▶ **Available data**:
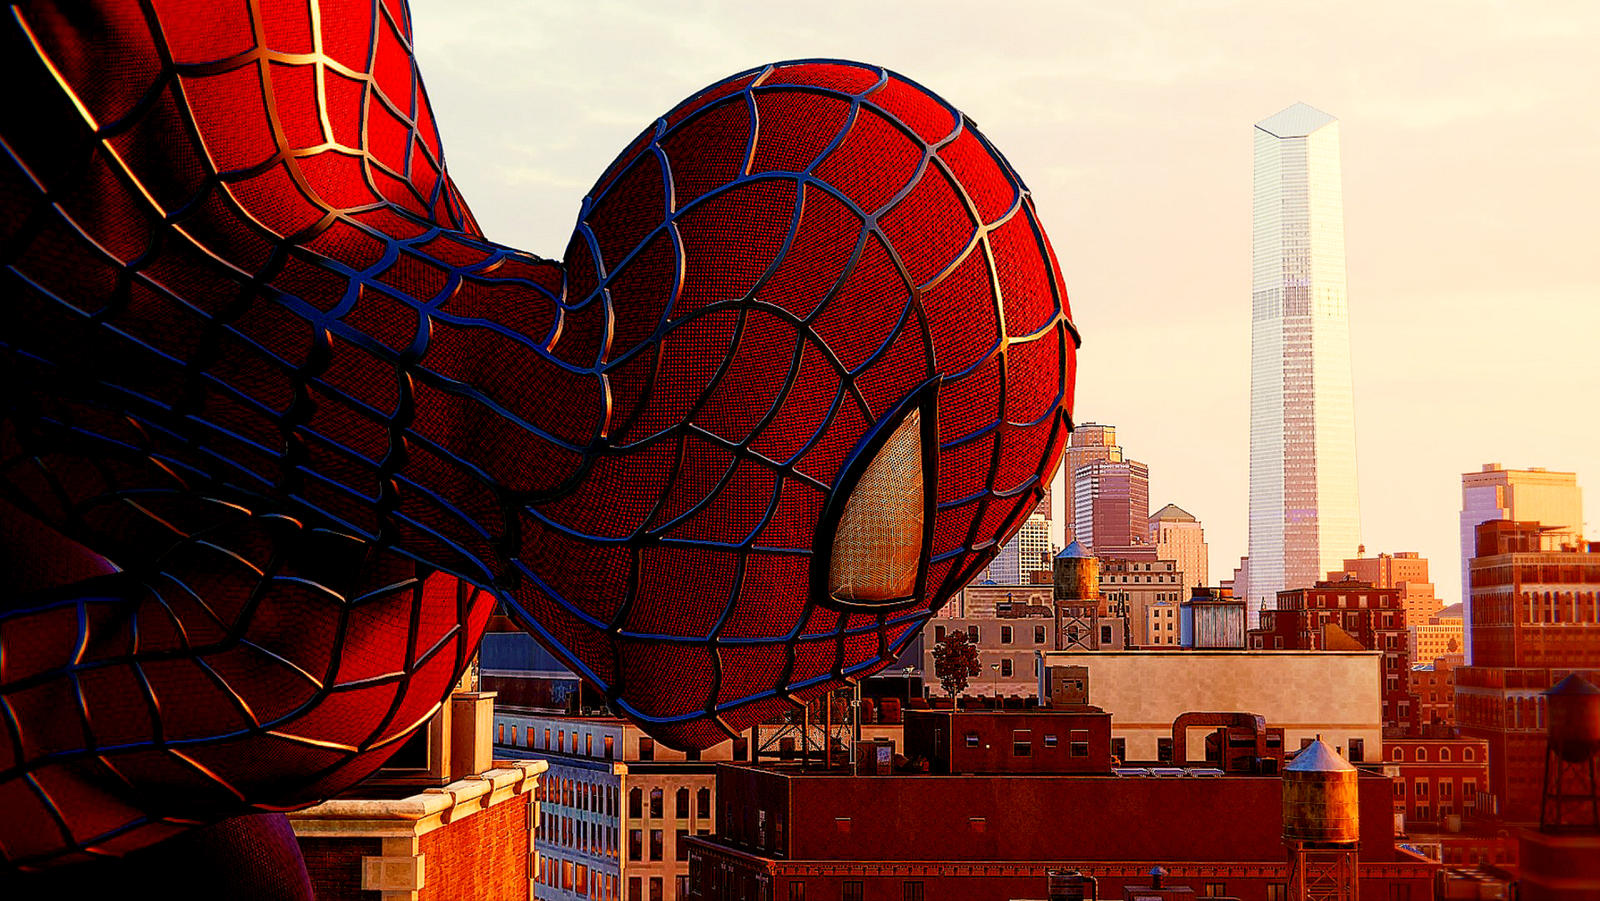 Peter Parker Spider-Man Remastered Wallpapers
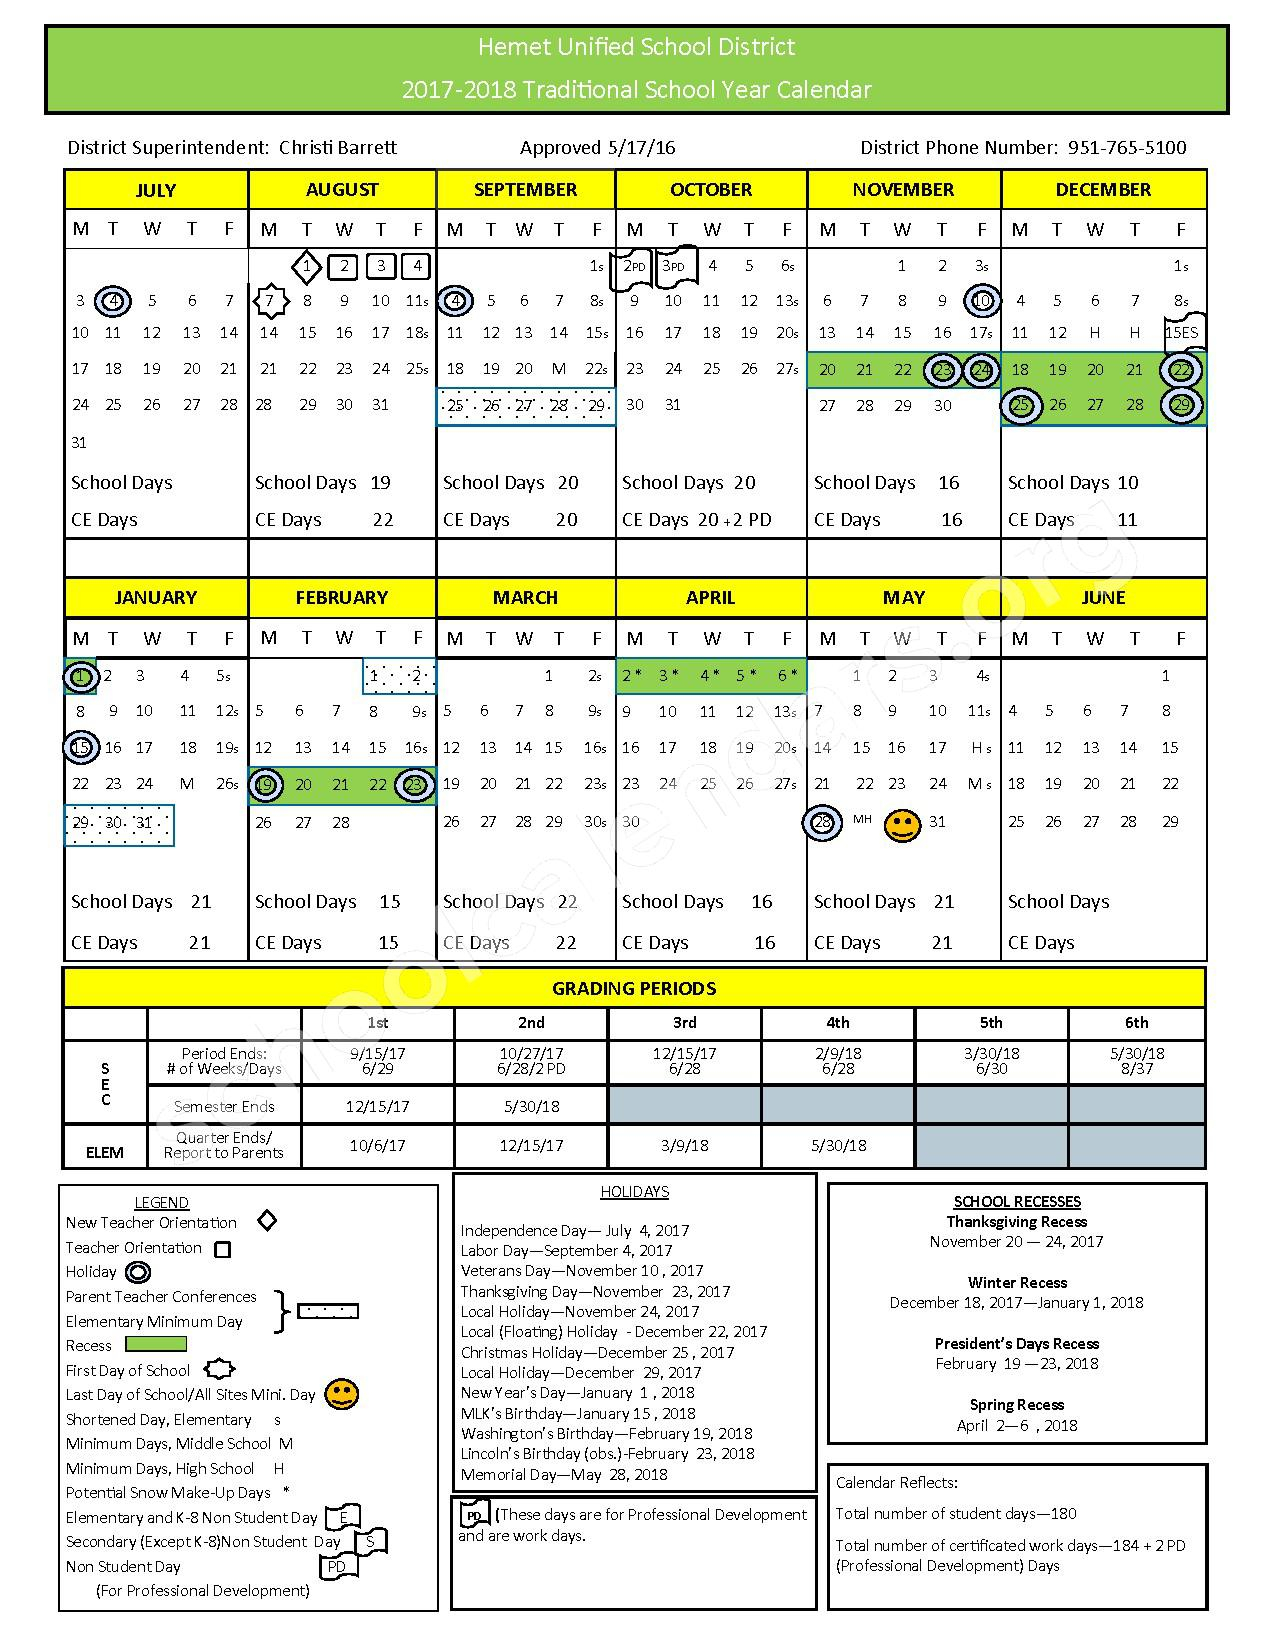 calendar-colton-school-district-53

...

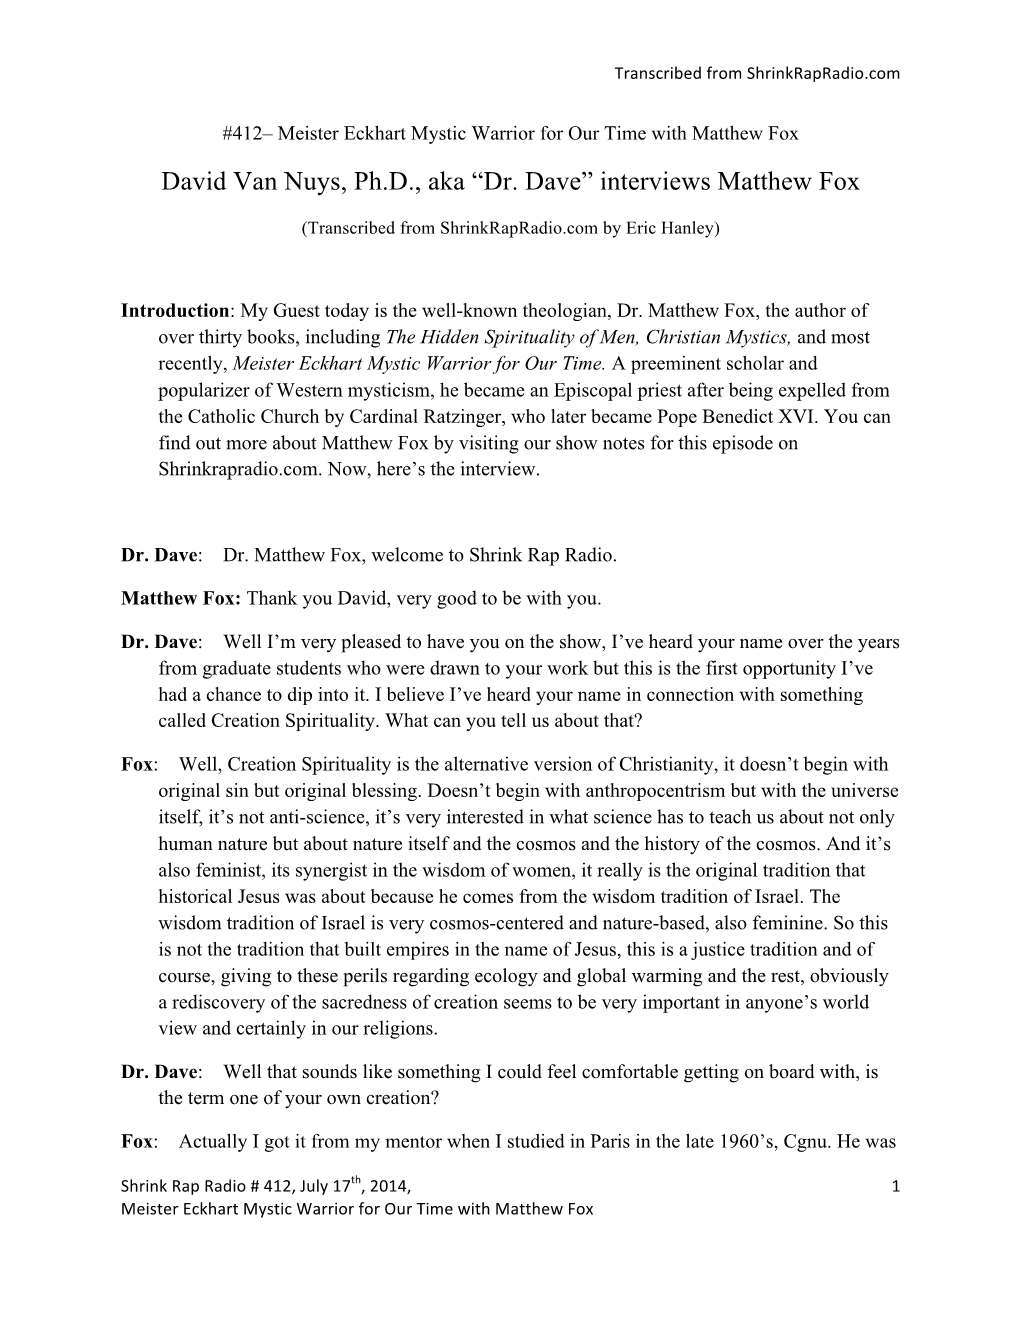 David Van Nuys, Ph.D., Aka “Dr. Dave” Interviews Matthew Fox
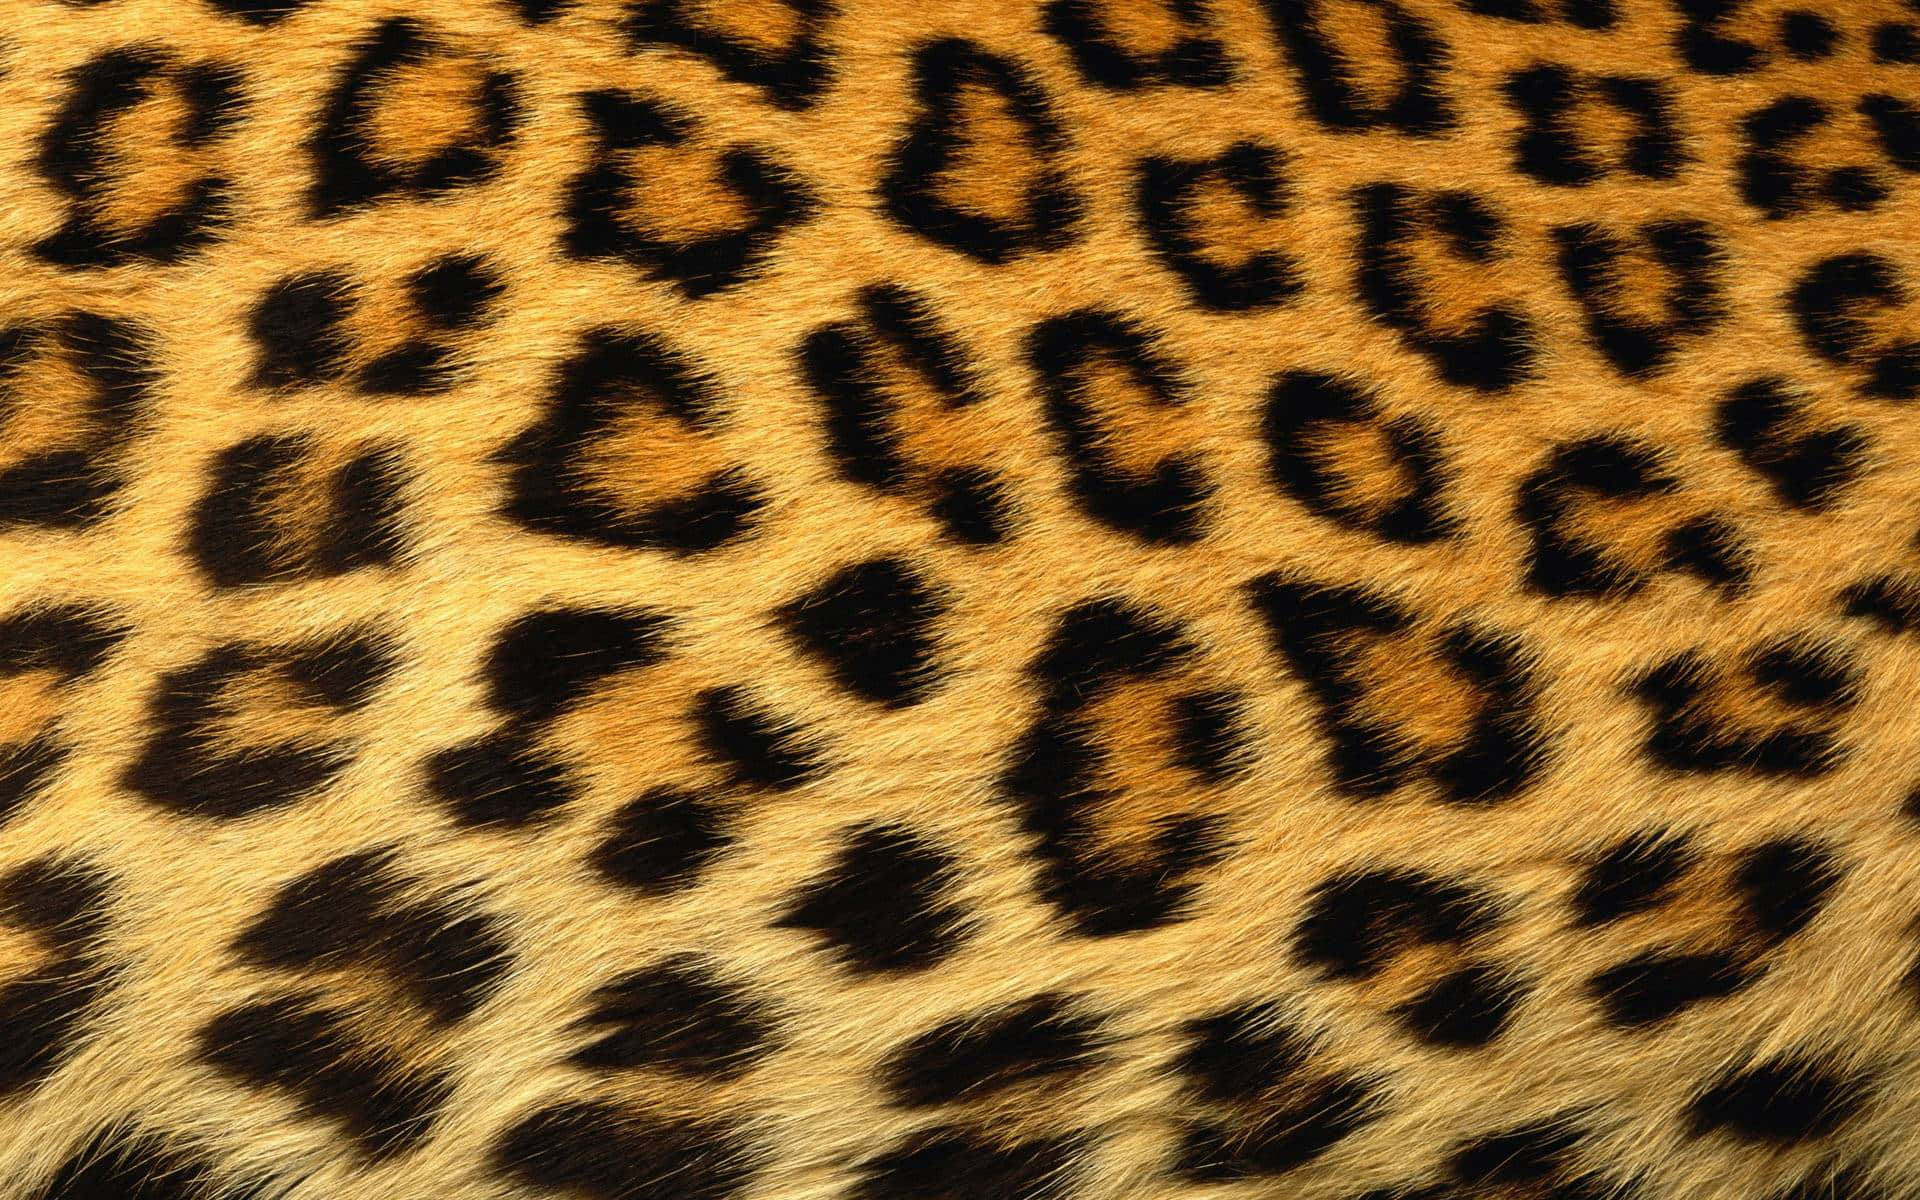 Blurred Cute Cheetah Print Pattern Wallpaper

▶ **Description of the task**:
Copy only what runs above from the line containing "Peter Parker Spider-Man" through the line containing "calendar-colton-school-district-53", exactly. Leave out the pictures.

▶ **Response to the task**:
 Peter Parker Spider-Man Remastered Wallpapers
 calendar-colton-school-district-53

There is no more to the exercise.